Reputation: 3734
With key-value, document, and column-family databases, I understand you can scale out with combinations of replication and sharding in the keyspace. But, with common graph operations like shortest path, etc. -- these don't really seem to gain any benefit from replication...and I can't see how you would shard a graph database without finding an independent subgraph (very difficult).
Are there graph databases that try to tackle this problem? What is the current research in this area?
Upvotes: 21
Views: 7148
Reputation: 1
ArangoDB is a multi-model graph database which scales horizontally like a document store also for graphs. It follows the hybrid-index approach to graphs.

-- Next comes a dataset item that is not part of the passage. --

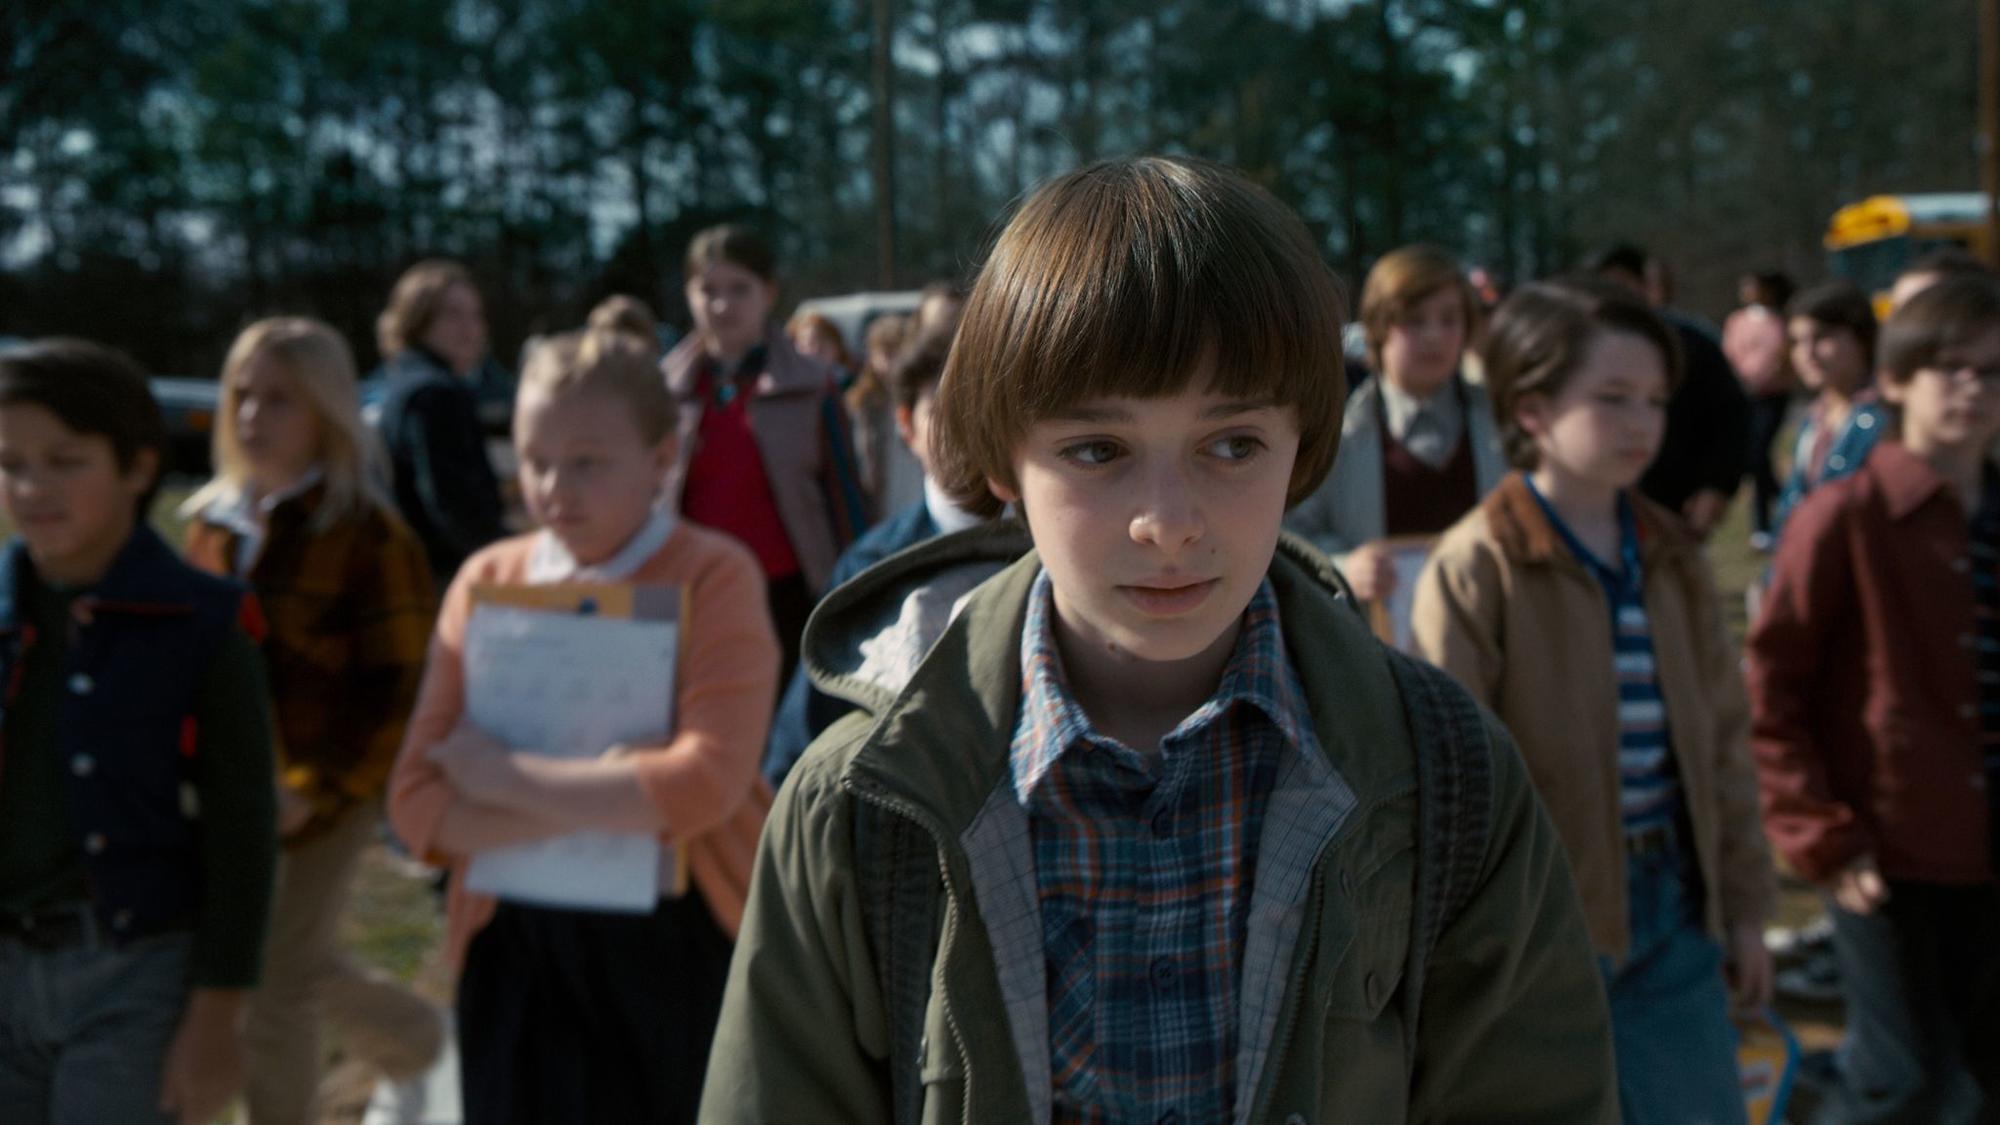 Stranger Things' Season 2 premiere recap: Back to the Upside Down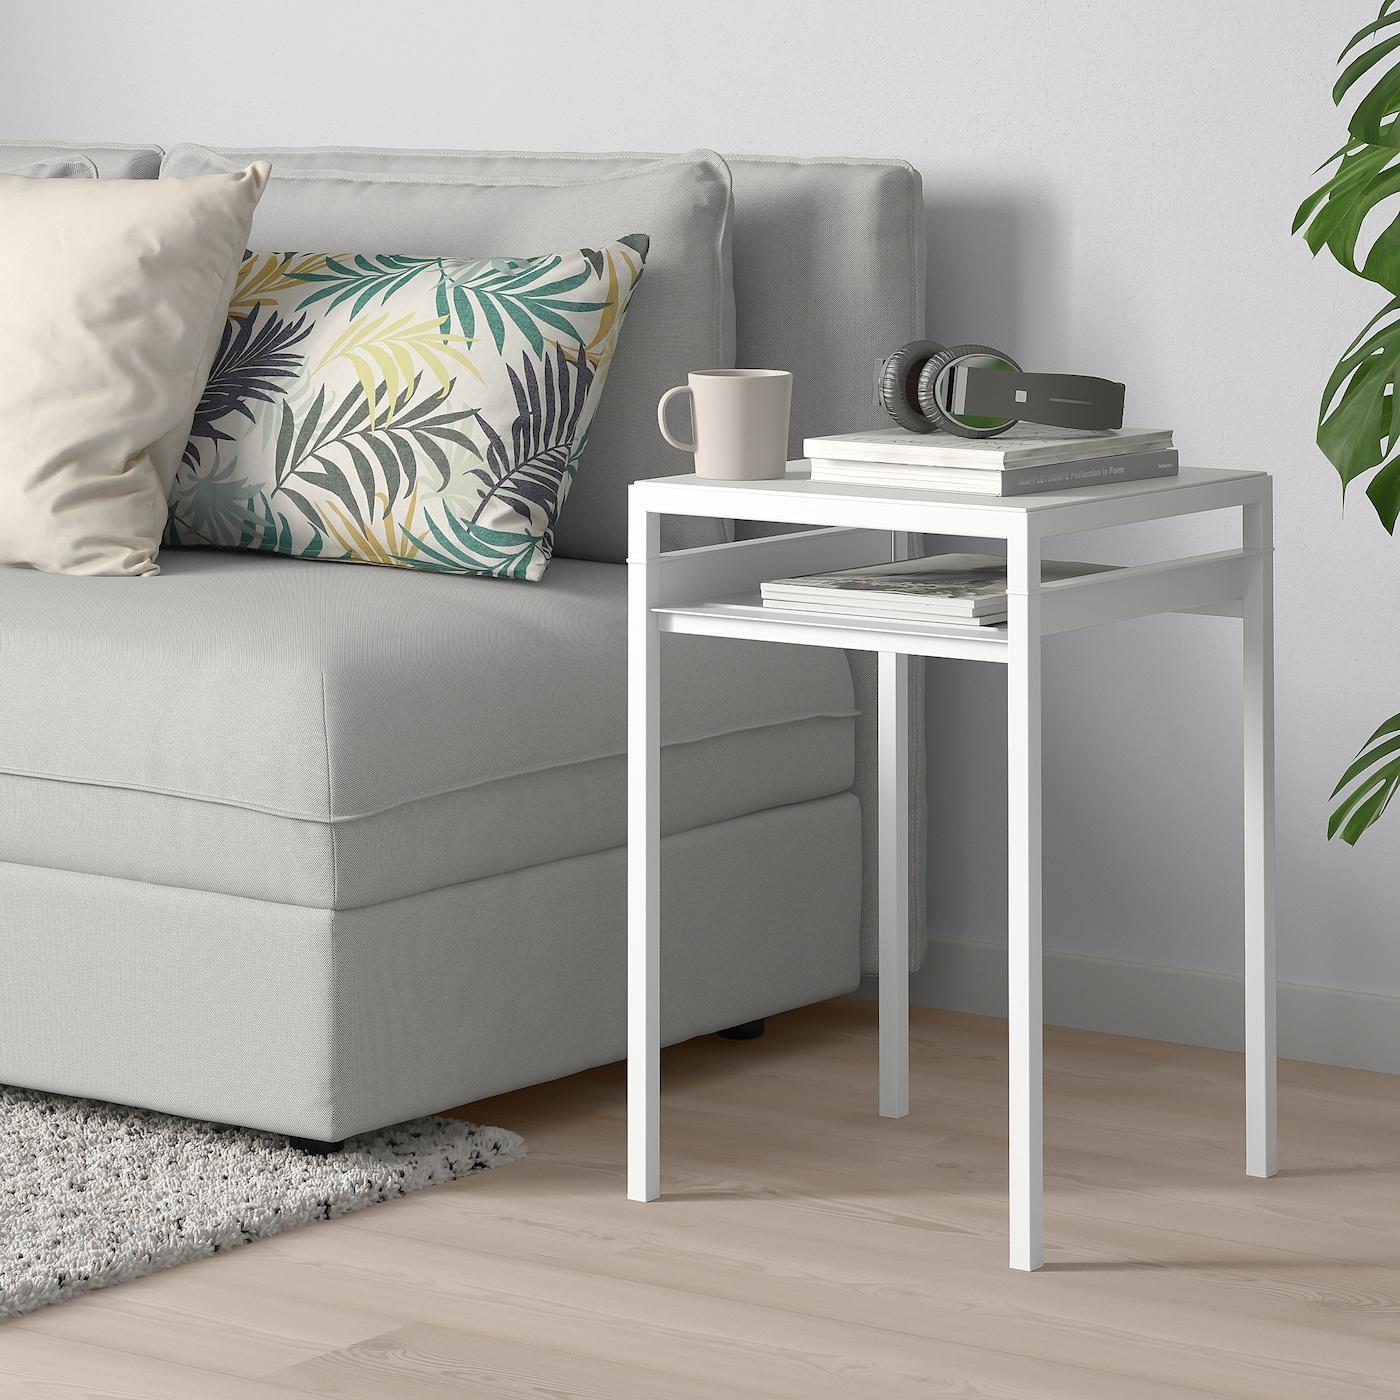 NYBODA Mesa auxiliar tablero reversible Ikea, negrobeige, blancogris

With the SmartGraph feature, one can shard a graph dataset by a user defined sharding key (e.g. region, customer, category or any other property) and vertices as well as their edges get distributed to the same machine. The query engine then knows where the data needed for a given query resides, sends the request to the needed machines and executes the query locally. For many scale-out use cases, this can be a suitable solution .https://www.arangodb.com/why-arangodb/arangodb-enterprise/arangodb-enterprise-smart-graphs/
Upvotes: 0
Reputation: 11
Check out http://thinkaurelius.com/
For Titan they use Cassandra, HBase, or BerkeleyDB as the backing store which comes inherently with the store's scalability characteristics.
Upvotes: 0
Reputation: 8885
GoldenOrb was a concept that aimed to create a horizontally scalable Graph Database. It was released as open source, but the project appears to be dead now (link to GitHub is offline). It was based on Hadoop.
Even though, such model cannot be considered yet a fully capable graph database, given the amount of information that needs to be shared among nodes is too large and complex for certain use cases of graph databases. Evolution of computing, tiered caching layered architectures, could allow it to be considered fully scalable and a de-fact Graph database.
So overall, the answer to this date is "no", not fully.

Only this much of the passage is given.